WHAT YOU ARE ASKED TO DO: Every line from the one with "37e46f30a00b MARCH 2019" through the final line of the data below goes in the answer, copied exactly. Pictures do not.

Dataset entries:
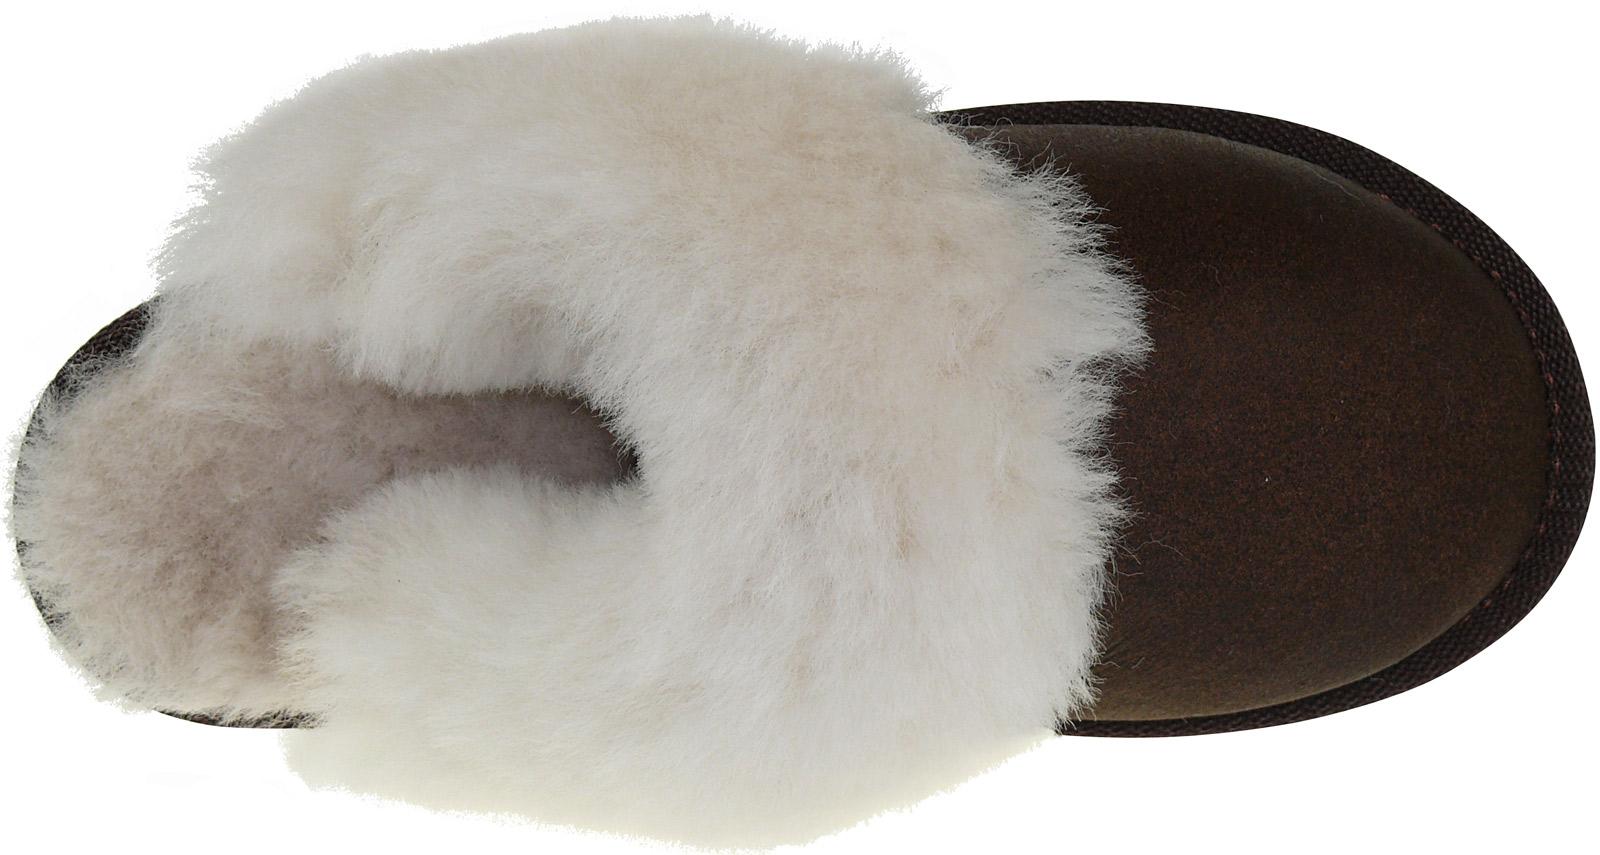 fbc13252b8b2 Extra dicke Lammfell Pantoffeln für Damen in 5 Farben Fellartikel ...
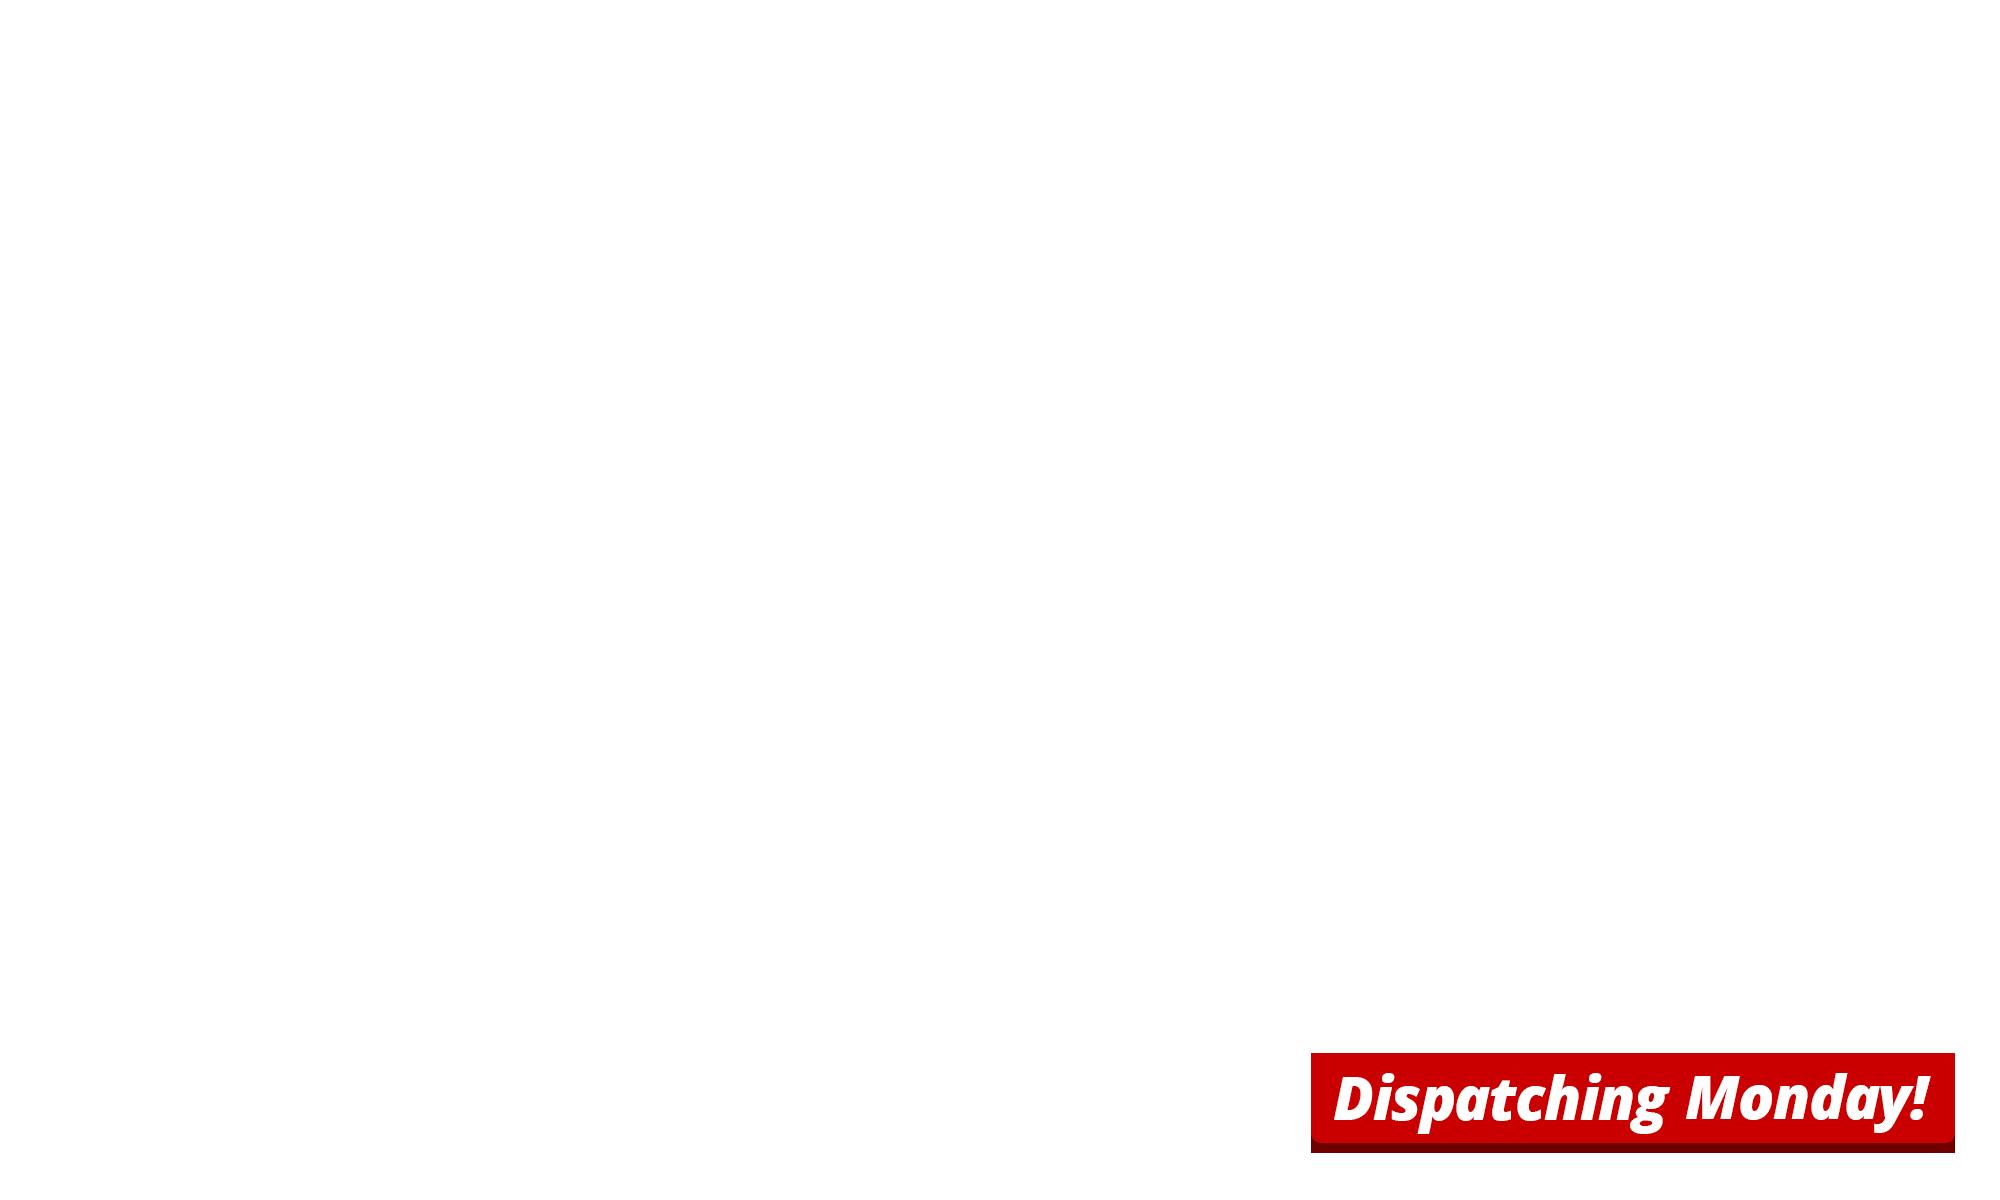 Dispatching monday overlay
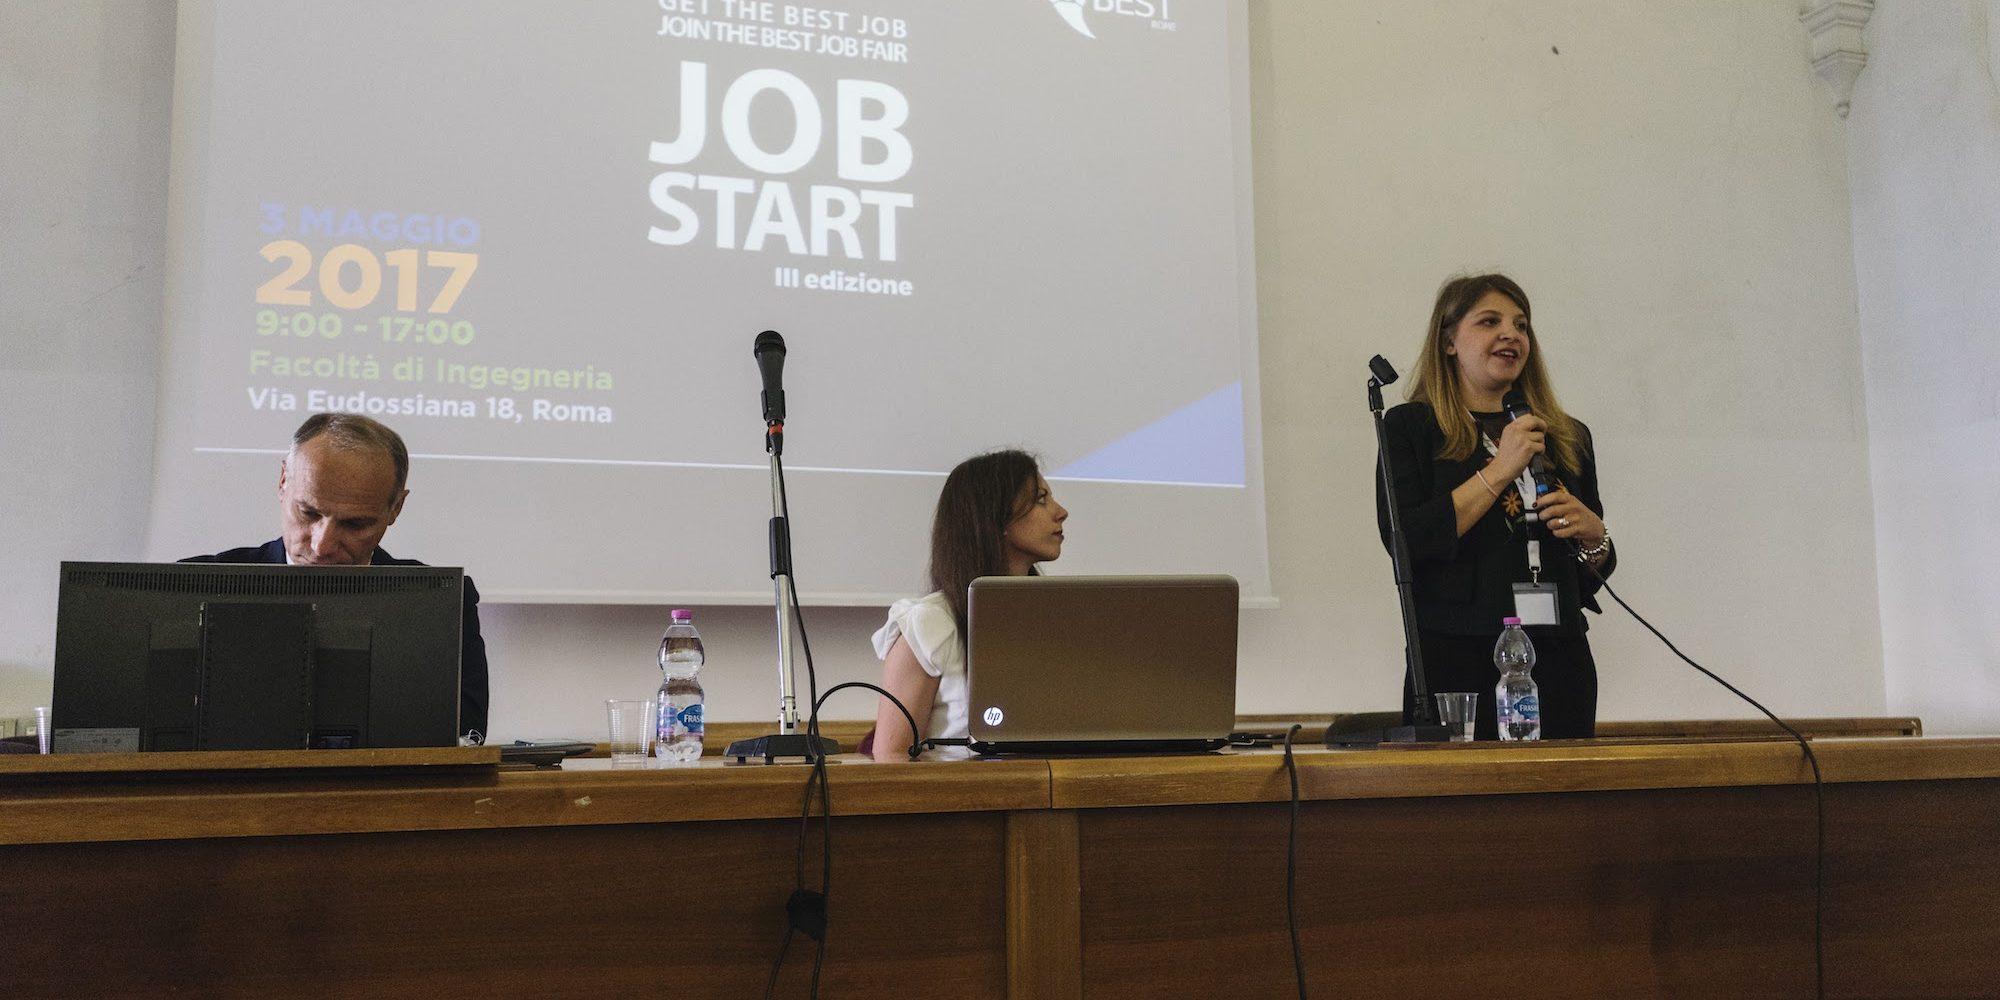 JobStart – Join the BEST Job Fair
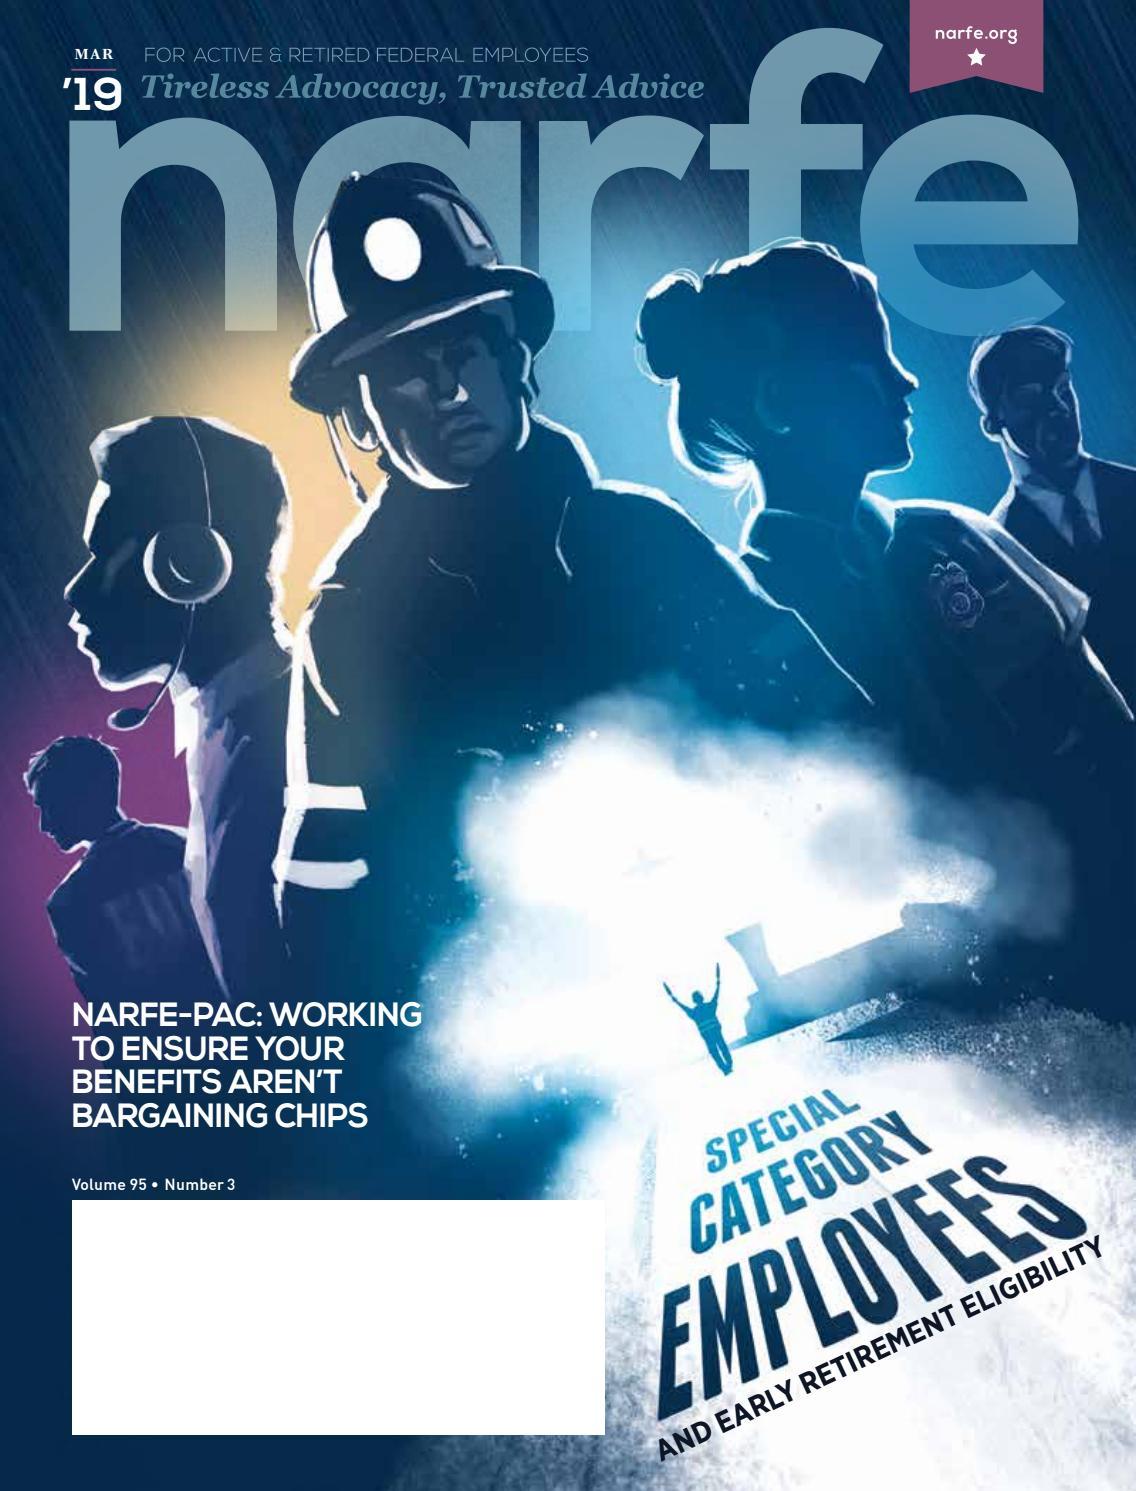 37e46f30a00b MARCH 2019 NARFE Magazine by NARFE - issuu
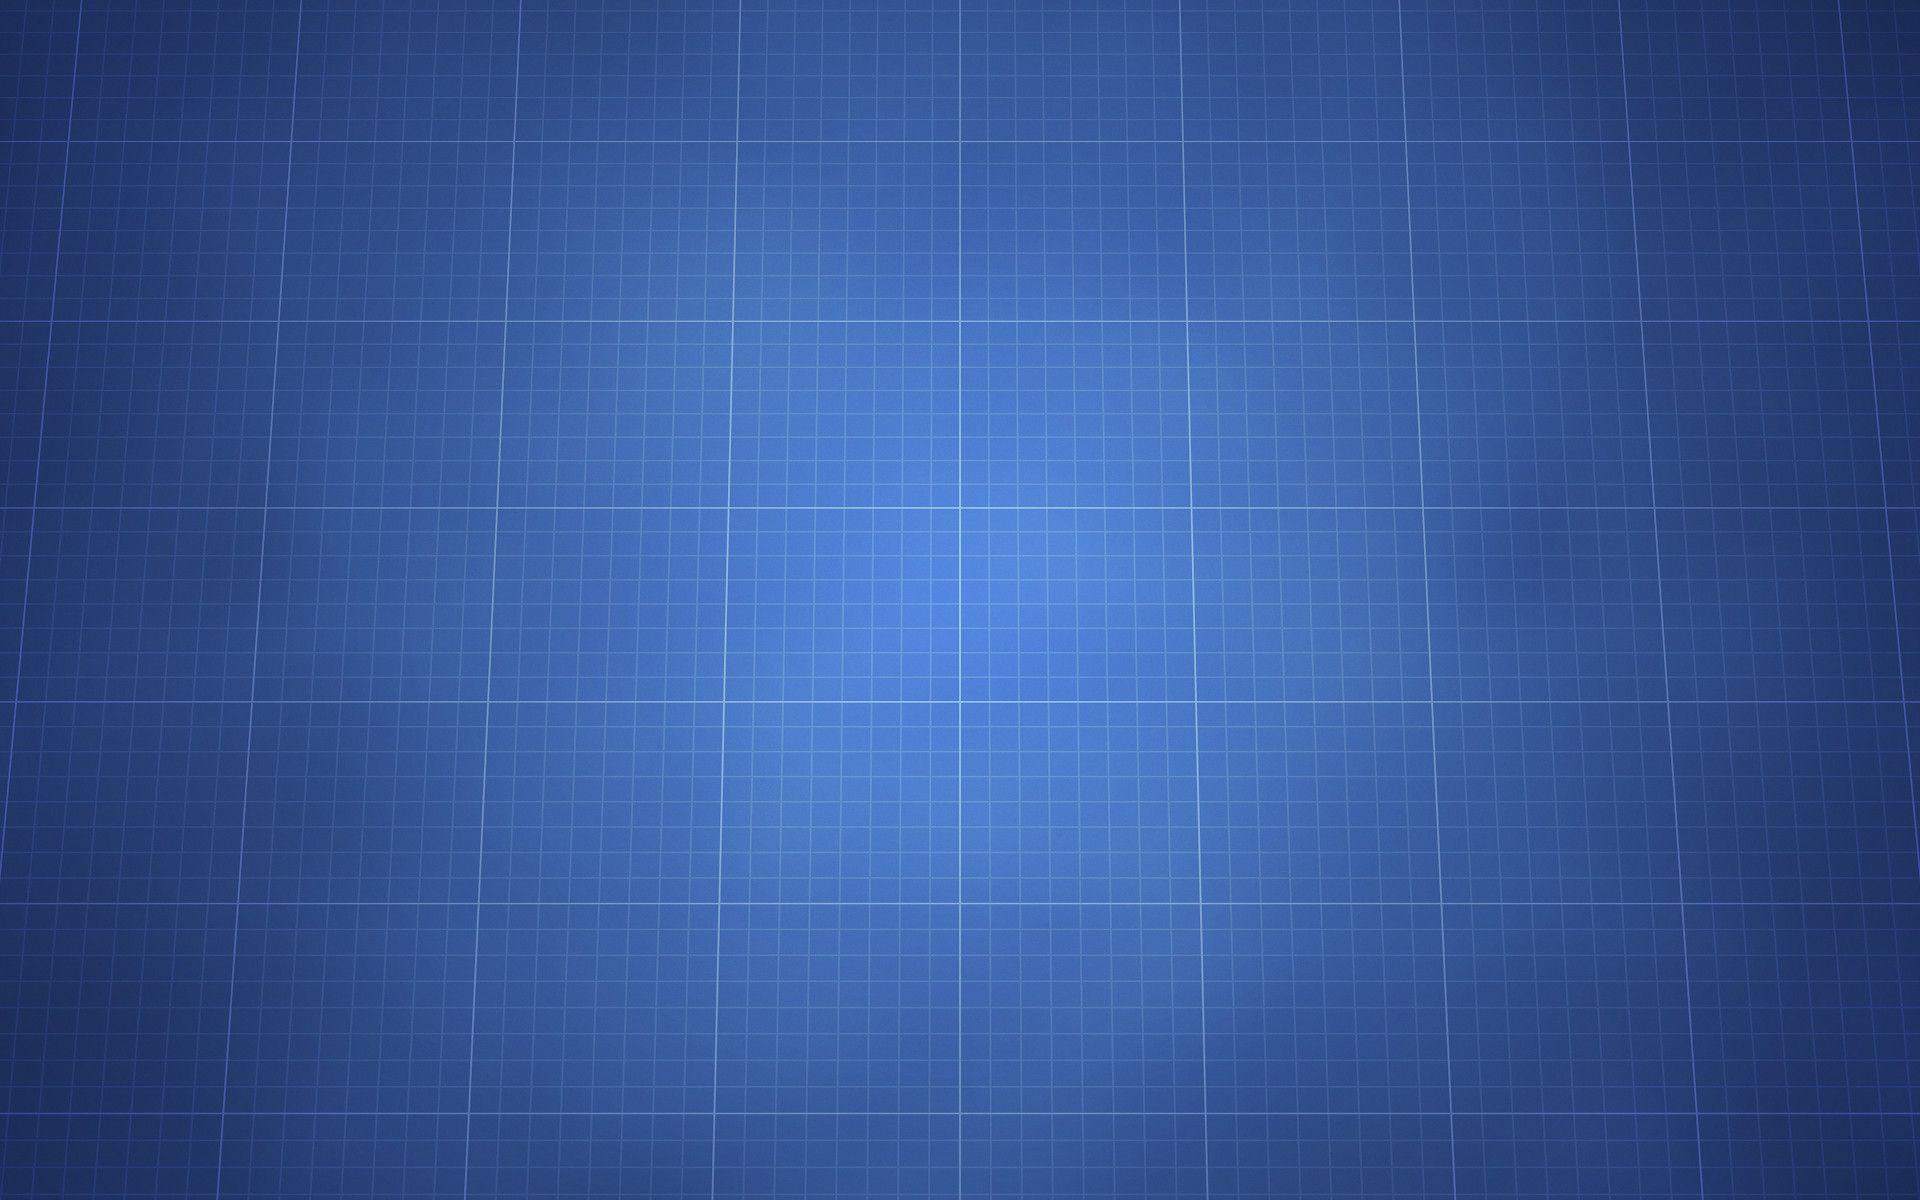 Blank Light Blue Background 60620 Arkpaint

SOLUTION TO THIS TASK:
 37e46f30a00b MARCH 2019 NARFE Magazine by NARFE - issuu
 Blank Light Blue Background 60620 Arkpaint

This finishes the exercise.